**Problem to solve:** Keep the pictures out while you transcribe the listing below exactly.

**Recorded data:**
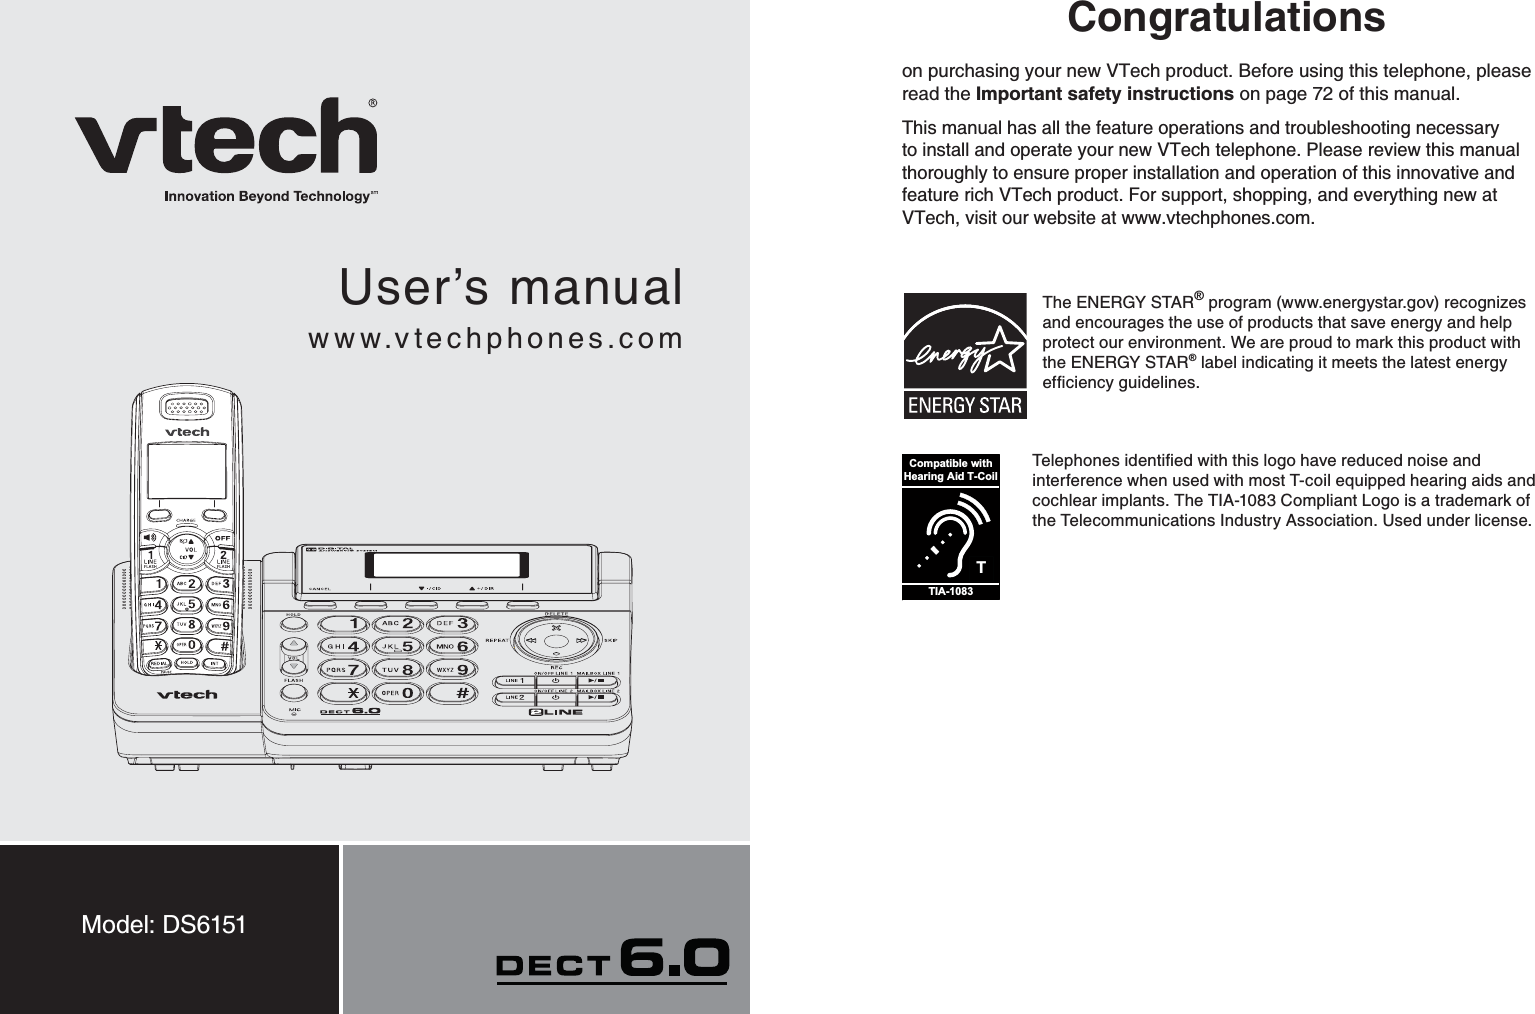 User’s manualwww.vtechphones.comModel: DS6151Congratulationson purchasing your new VTech product. Before using this telephone, please read the Important safety instructions on page 72 of this manual.This manual has all the feature operations and troubleshooting necessary to install and operate your new VTech telephone. Please review this manual thoroughly to ensure proper installation and operation of this innovative and feature rich VTech product. For support, shopping, and everything new at VTech, visit our website at www.vtechphones.com.The ENERGY STAR® program (www.energystar.gov) recognizes and encourages the use of products that save energy and help protect our environment. We are proud to mark this product with the ENERGY STAR® label indicating it meets the latest energy GHſEKGPE[IWKFGNKPGUTCompatible withHearing Aid T-CoilTIA-10836GNGRJQPGUKFGPVKſGFYKVJVJKUNQIQJCXGTGFWEGFPQKUGCPFinterference when used with most T-coil equipped hearing aids and cochlear implants. The TIA-1083 Compliant Logo is a trademark of the Telecommunications Industry Association. Used under license.
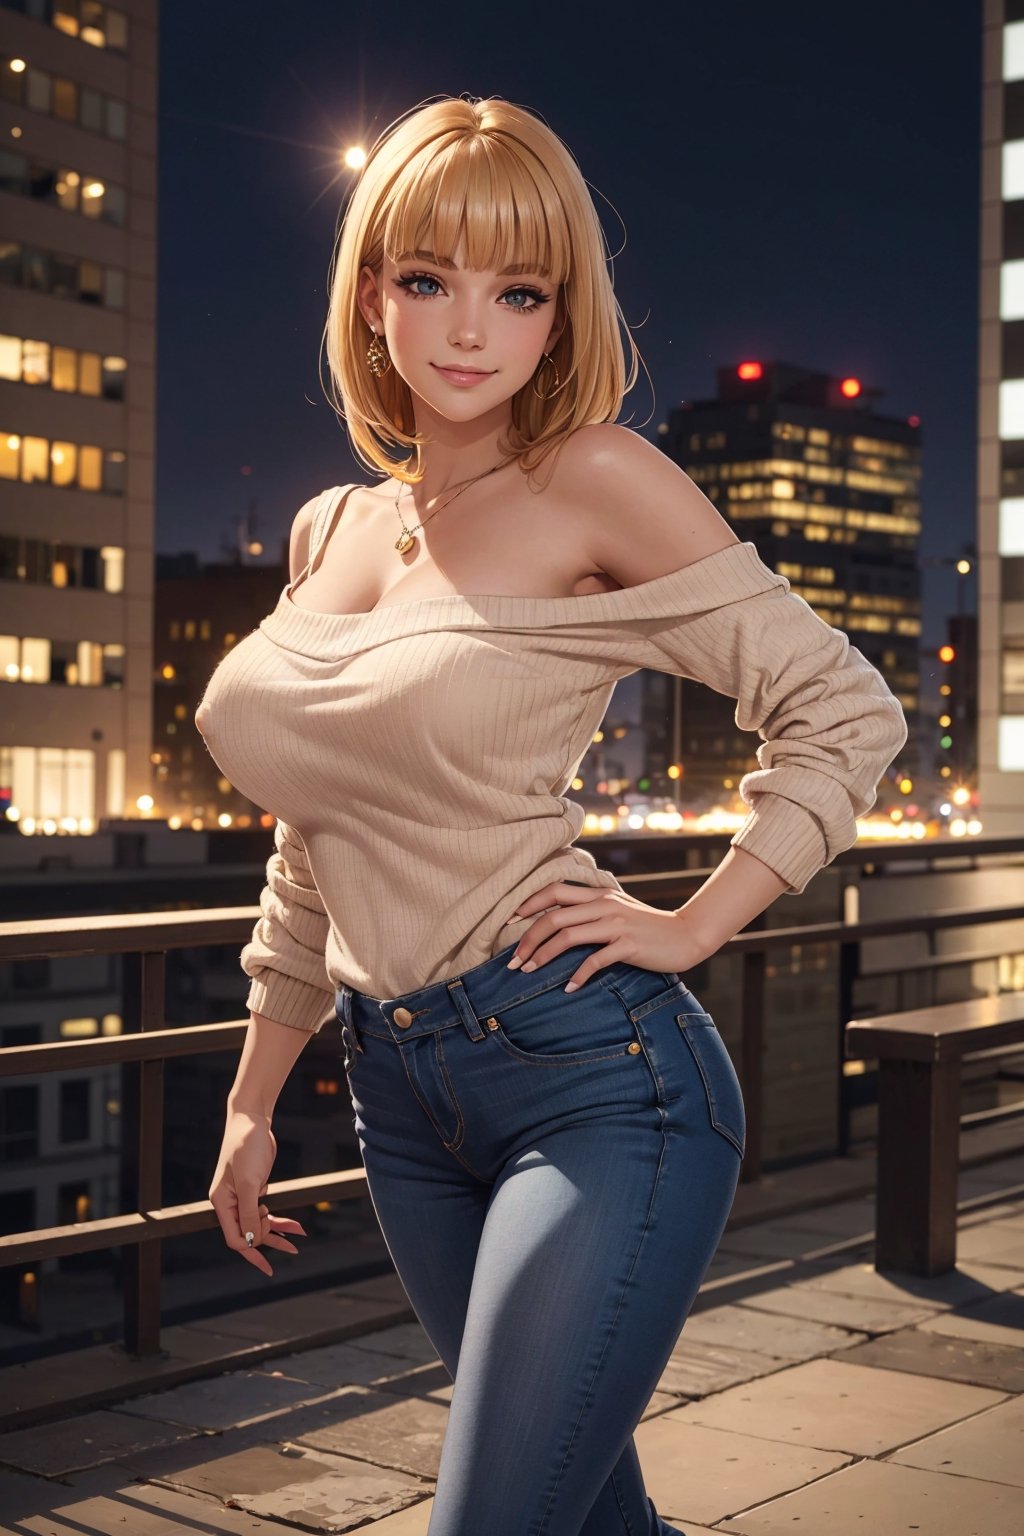 evening, graceful photo of a girl in jeans, sweater, stilettos,  (puffy eyes:1.05), straight strawberry blonde hair, (long:1.4), blunt bangs, smile slightly, happy, happiness, high detailed skin, skin pores, stunning innocent symmetry face, long eyelashes, black eyeliner, black eyeshadow,(standing), emotional, city, masterpiece, best quality, photorealistic,  massive breasts,Looking over the shoulder pose, nipple_slip
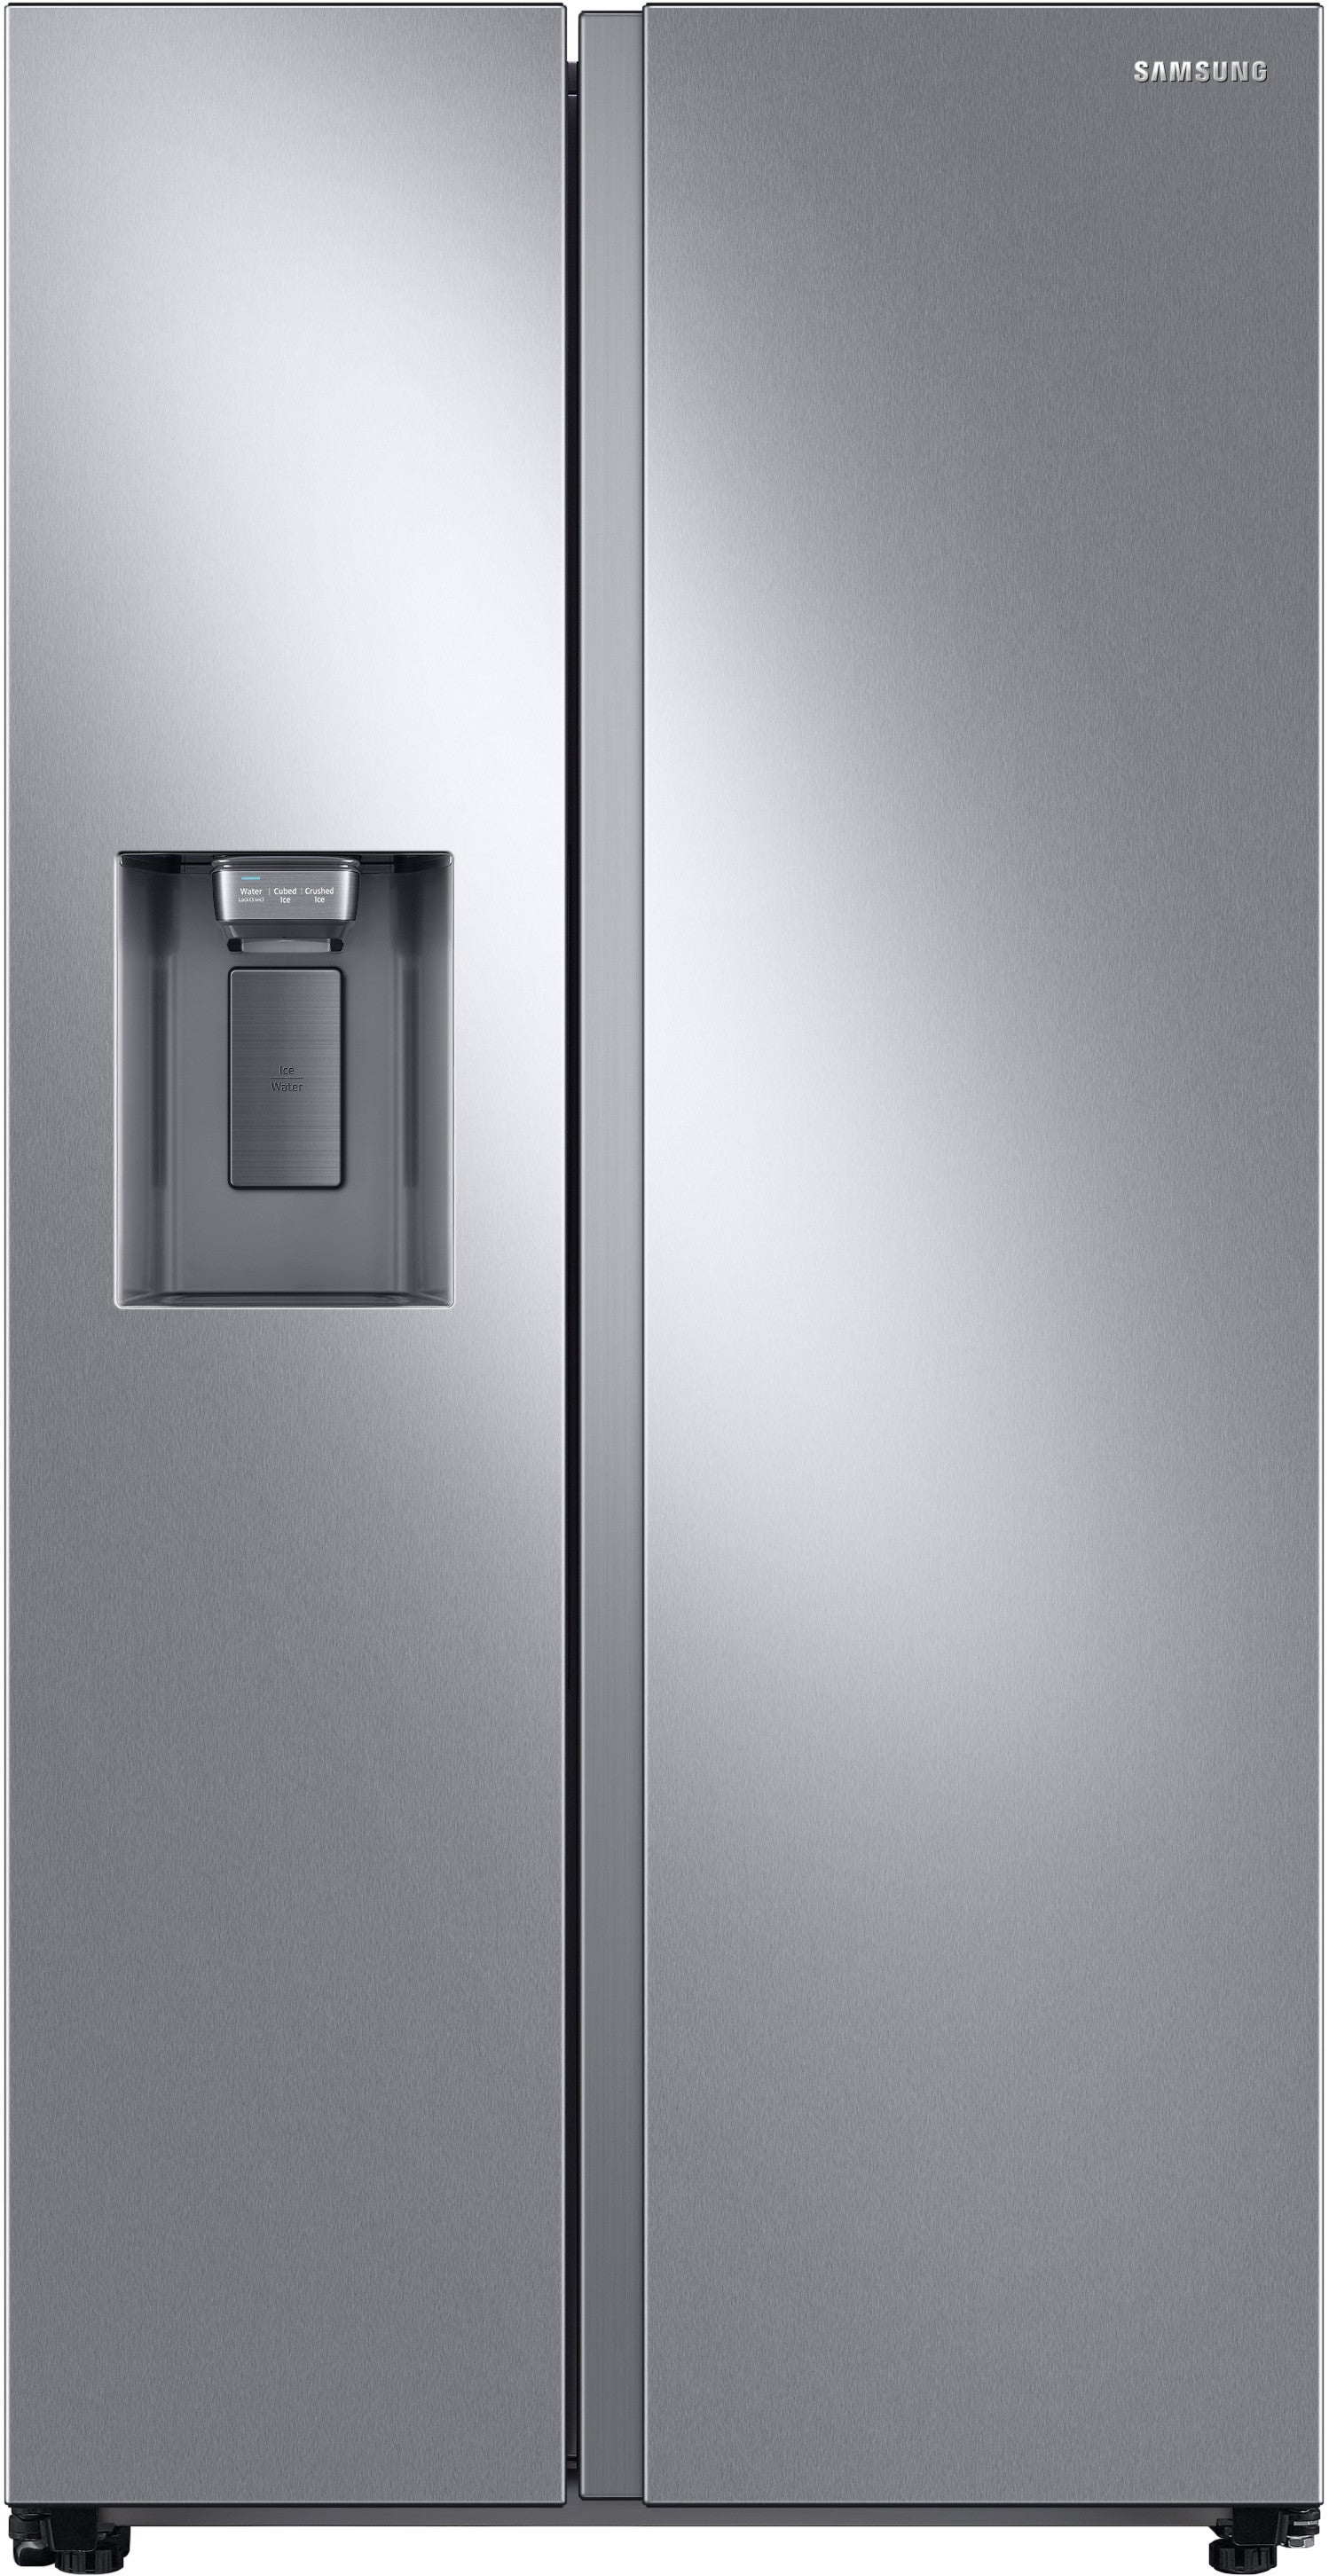 Samsung RS22T5201SR/AA 22-Cu Ft Counter-depth Side-by-side Refrigerator - Samsung Parts USA

**Answer to this task:**
 User’s manualwww.vtechphones.comModel: DS6151Congratulationson purchasing your new VTech product. Before using this telephone, please read the Important safety instructions on page 72 of this manual.This manual has all the feature operations and troubleshooting necessary to install and operate your new VTech telephone. Please review this manual thoroughly to ensure proper installation and operation of this innovative and feature rich VTech product. For support, shopping, and everything new at VTech, visit our website at www.vtechphones.com.The ENERGY STAR® program (www.energystar.gov) recognizes and encourages the use of products that save energy and help protect our environment. We are proud to mark this product with the ENERGY STAR® label indicating it meets the latest energy GHſEKGPE[IWKFGNKPGUTCompatible withHearing Aid T-CoilTIA-10836GNGRJQPGUKFGPVKſGFYKVJVJKUNQIQJCXGTGFWEGFPQKUGCPFinterference when used with most T-coil equipped hearing aids and cochlear implants. The TIA-1083 Compliant Logo is a trademark of the Telecommunications Industry Association. Used under license.
 evening, graceful photo of a girl in jeans, sweater, stilettos,  (puffy eyes:1.05), straight strawberry blonde hair, (long:1.4), blunt bangs, smile slightly, happy, happiness, high detailed skin, skin pores, stunning innocent symmetry face, long eyelashes, black eyeliner, black eyeshadow,(standing), emotional, city, masterpiece, best quality, photorealistic,  massive breasts,Looking over the shoulder pose, nipple_slip
 Samsung RS22T5201SR/AA 22-Cu Ft Counter-depth Side-by-side Refrigerator - Samsung Parts USA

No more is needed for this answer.